# Paying deposits for French sites



## denhamcs (Jan 15, 2007)

Hi

I am in the process of booking some French camp sites and I notice that most are asking for a deposit paid by providing credit card number + security Number (3 digit - not PIN), sending money/postal orders or something called a 'Bank Swift'.

Can anyone advise me on the best way to do this. I don't really want to send my card number + security Number thru the post if I can help it.


----------



## 88781 (May 9, 2005)

It's normal practice for French campsites to ask for a deposit, and in a lot of cases a booking fee too, CC payment is the safest way but use the telephone! or an online booking form where possible.

regards MnD


----------



## frenchfancy (May 21, 2005)

We have only booked 2 sites this year when we depart for France for 10 weeks.They have both asked for a deposit, mainly because one of them is near a stage in the Tour of France, which we want to see, and space is of a premium. The other one near La Rochelle, well i am not quite sure, but i have been there before and it is very busy, don't want to turn up and there isn'a pitch available. We pay our deposits online, and have done this for the last 3 years, and have experienced no problems. So it depends where you go and when you go and the popularity of the site i would say.


----------



## Telbell (May 1, 2005)

FF has summed it up well. I assume you are planning to travel in high summer? if not then why book? If you are travelling oyut of high summer it may be worth considering Camping Cheques with the Gold Card. If you then want peace of mind you can book inb advcance using iold Card without deposit at most places


----------



## Rapide561 (Oct 1, 2005)

*Deposit*

Hi

Another option is to purchase euro travellers cheques and make them payable to the campsite and post them. (Swift air is a good postal method to France.)

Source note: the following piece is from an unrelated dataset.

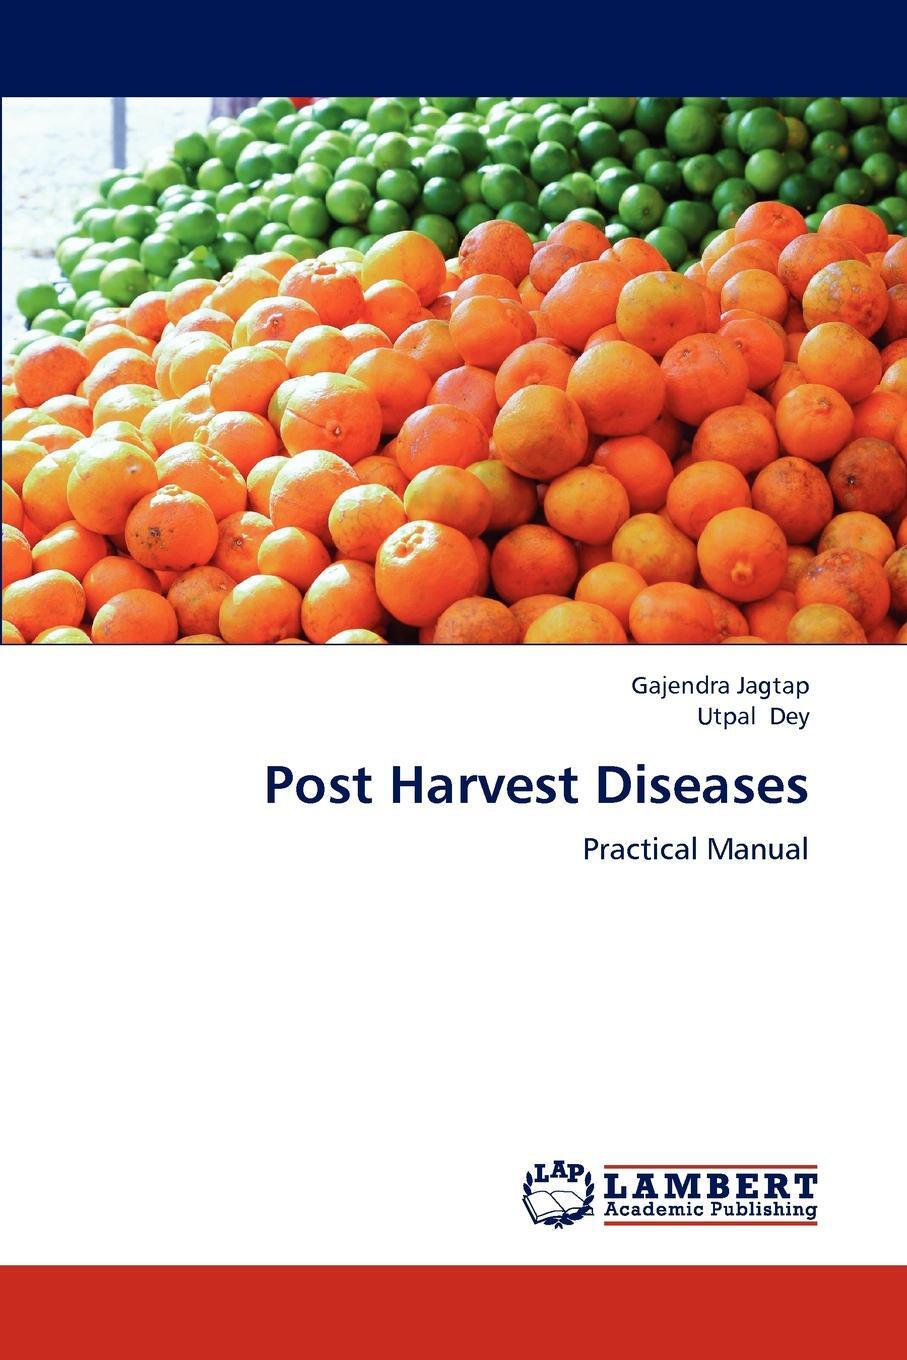 фото Post Harvest Diseases

Swift payments (society for worldwide interbank foreign trade) is ok but the cost of the service will be prohibitive.

Russell


----------



## drcotts (Feb 23, 2006)

Hi
The security number is there so that the computer which the person is using knows that the card holder is actually in possesion of the card. Its not totally foolproof but it at least stops people using your card number if they have say found a copy of your card statement somehere (outside a bank in the bin ha!)
Phill


----------



## 101405 (Oct 15, 2006)

*IBAN payment*

The cost of bank transfer is expensive ! Very! for me to transfer 73€ to a German Bank would cost £20, best phone and pay by debit or send euros by post, cheaper.


----------